Banks convert short-term claims into long-term loans, which makes liquidity—the ability to meet cash demands without excessive loss—central to their survival. Academic models and crisis experience show that liquidity operates through several interlinked channels: the funding available to meet withdrawals, the marketability of assets when sales are needed, and the confidence of depositors and counterparties. Douglas W. Diamond University of Chicago Booth School of Business and Philip H. Dybvig Washington University in St. Louis demonstrated how banks’ role in maturity transformation creates vulnerability to runs when depositors fear others will withdraw first. A bank can be solvent on paper yet fail if it cannot convert assets to cash quickly enough.
Mechanisms linking liquidity to stability
Maturity transformation means banks hold long-term, illiquid loans funded by short-term, liquid deposits. When funding evaporates, banks face funding liquidity risk and may be forced into rapid asset sales. Markus K. Brunnermeier Princeton University and Lasse Heje Pedersen New York University analyzed how declines in funding can reduce market liquidity and raise fire-sale prices, creating a feedback loop between funding and market liquidity. Not all liquid assets are equally useful in a crisis; central-bank-eligible assets remain valuable while other securities can lose buyers under stress.
Confidence and information frictions amplify these mechanisms. If depositors or wholesale funders perceive higher uncertainty about a bank’s asset quality, they may withdraw funding preemptively, generating a self-fulfilling instability. This dynamic explains why contagious runs across institutions can occur even when underlying solvency is intact.
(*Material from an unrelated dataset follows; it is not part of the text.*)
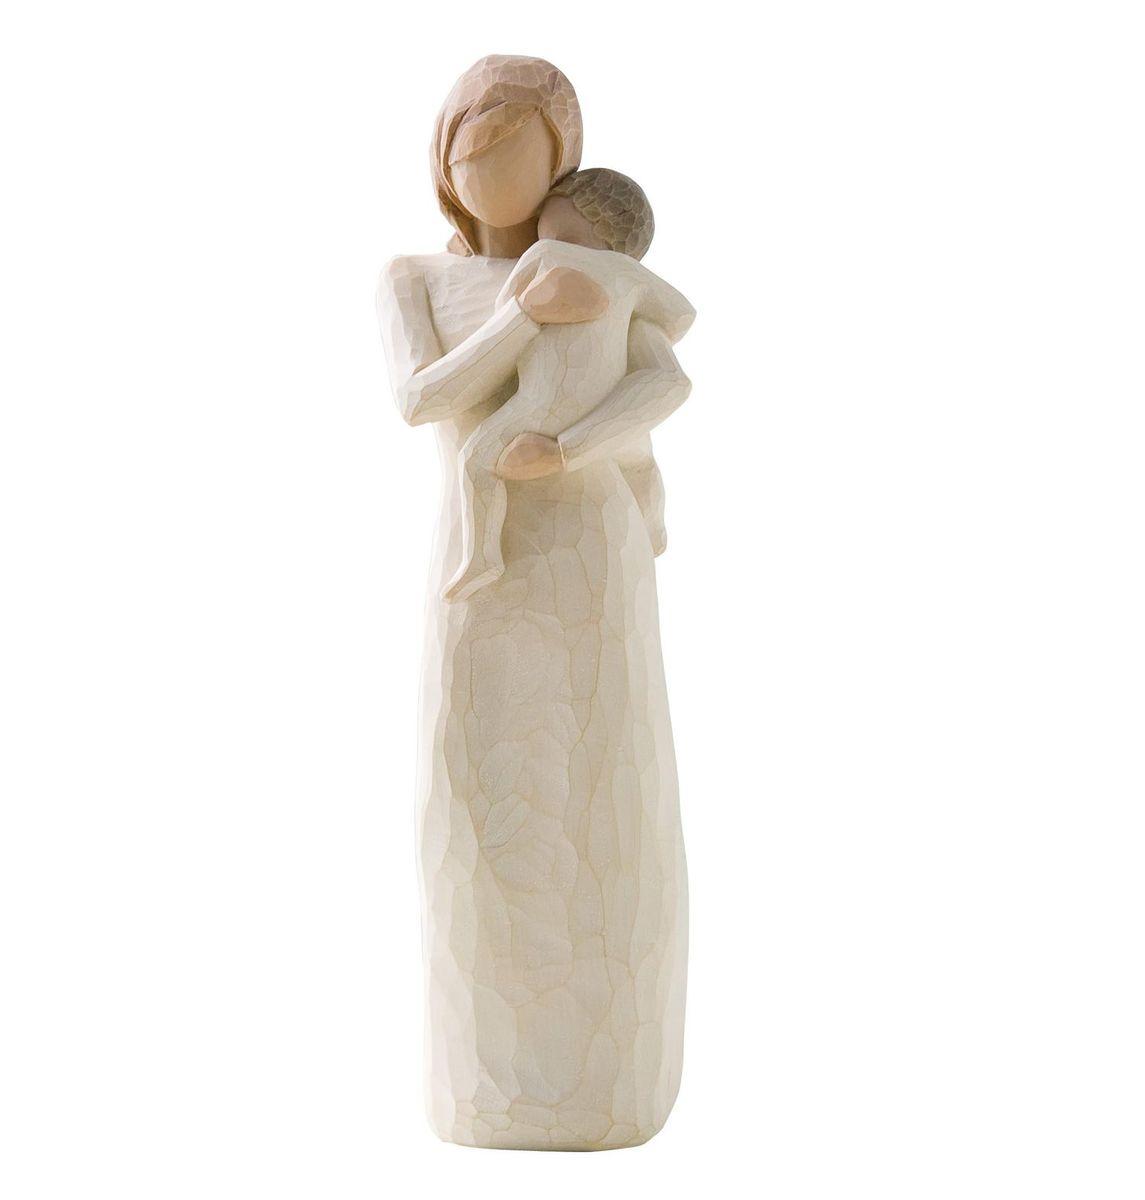 Фигурка Willow Tree Дитя моего сердца, 22 см26169Эти прекрасные статуэтки созданы канадским скульптором Сьюзан Лорди. Каждая фигурка – это настоящее произведение искусства, образная скульптура в миниатюре, изображающая эмоции и чувства, которые помогают нам чувствовать себя ближе к другим, верить в мечту, выражать любовь. Каждая фигурка помещена в красивую упаковку. Купить такой оригинальный подарок, значит не только украсить интерьер помещения или жилой комнаты, но выразить свое глубокое отношение к любимому человеку. Этот прекрасный сувенир будет лучшим подарком на день ангела, именины, день рождения, юбилей. Материал: Искусственный камень (49% карбонат кальция мелкозернистой разновидности, 51% искусственный камень)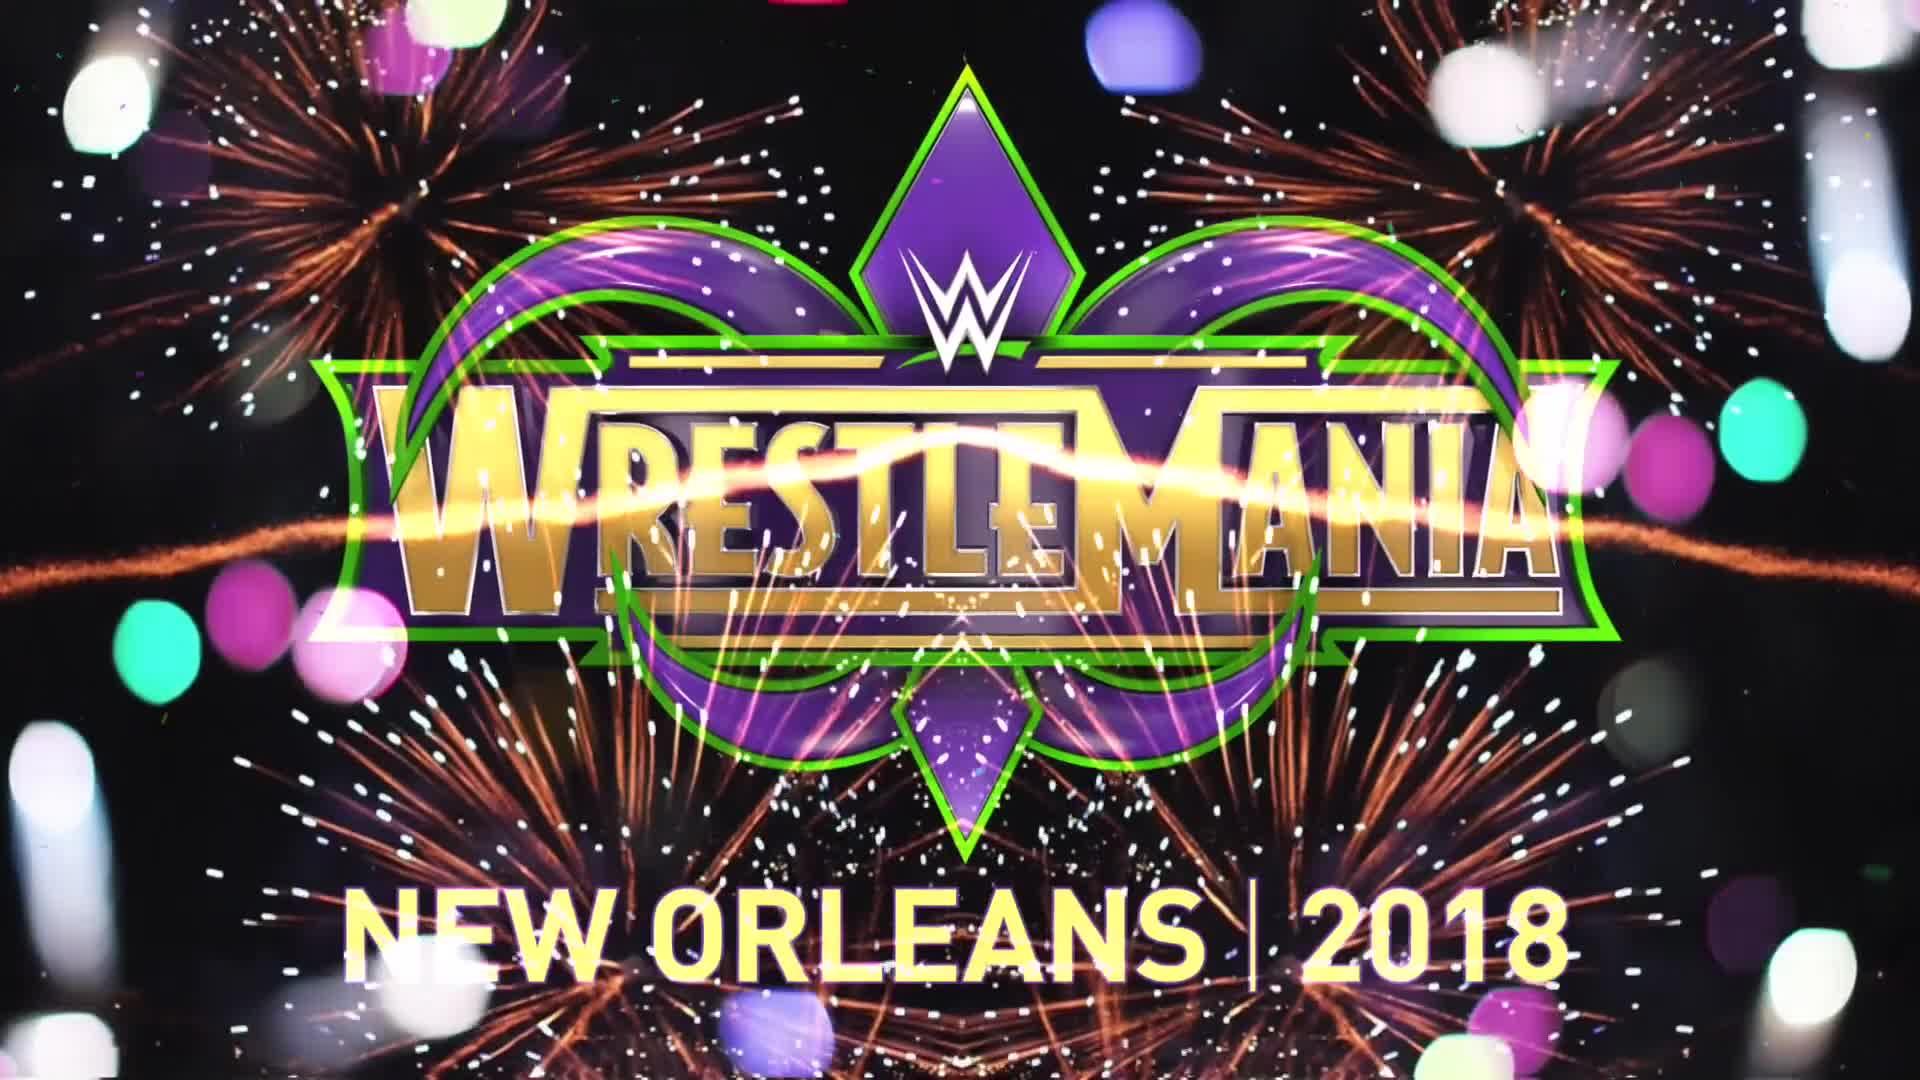 WrestleMania revient à la Nouvelle-Orléans l'année prochaine

Consequences and policy responses
When liquidity problems escalate, consequences extend beyond individual banks to the broader economy. Forced sales depress asset prices, weakening other institutions that hold similar assets and thereby propagating distress across markets and regions. This contagion can constrict credit flows to households and businesses, deepening recessions and disproportionately affecting communities with limited alternative financing. Anat Admati Stanford Graduate School of Business and Martin Hellwig Max Planck Institute for Research on Collective Goods argue that insufficient buffers magnify these social and economic harms, particularly in jurisdictions with less developed safety nets.
Policy frameworks target these channels to enhance stability. The Basel Committee on Banking Supervision Bank for International Settutions introduced liquidity standards such as the liquidity coverage ratio to ensure banks hold high-quality liquid assets sufficient to survive short-term stresses. Central banks act as lenders of last resort, supplying emergency liquidity to sound institutions to prevent fire sales and runs. Policy design must balance incentives: excessive reliance on official backstops can encourage risk-taking, while overly stringent rules may constrain lending when the economy needs credit.
Territorial and cultural factors matter: banking systems with large informal sectors, high foreign-currency liabilities, or concentrated depositor bases face distinct liquidity vulnerabilities. Emerging-market banks often confront currency mismatches that can turn local liquidity shortages into broader sovereign stress. Understanding liquidity’s role therefore requires integrating rigorous theory, empirical evidence, and the local institutional context to shape interventions that reduce the likelihood and social costs of banking instability.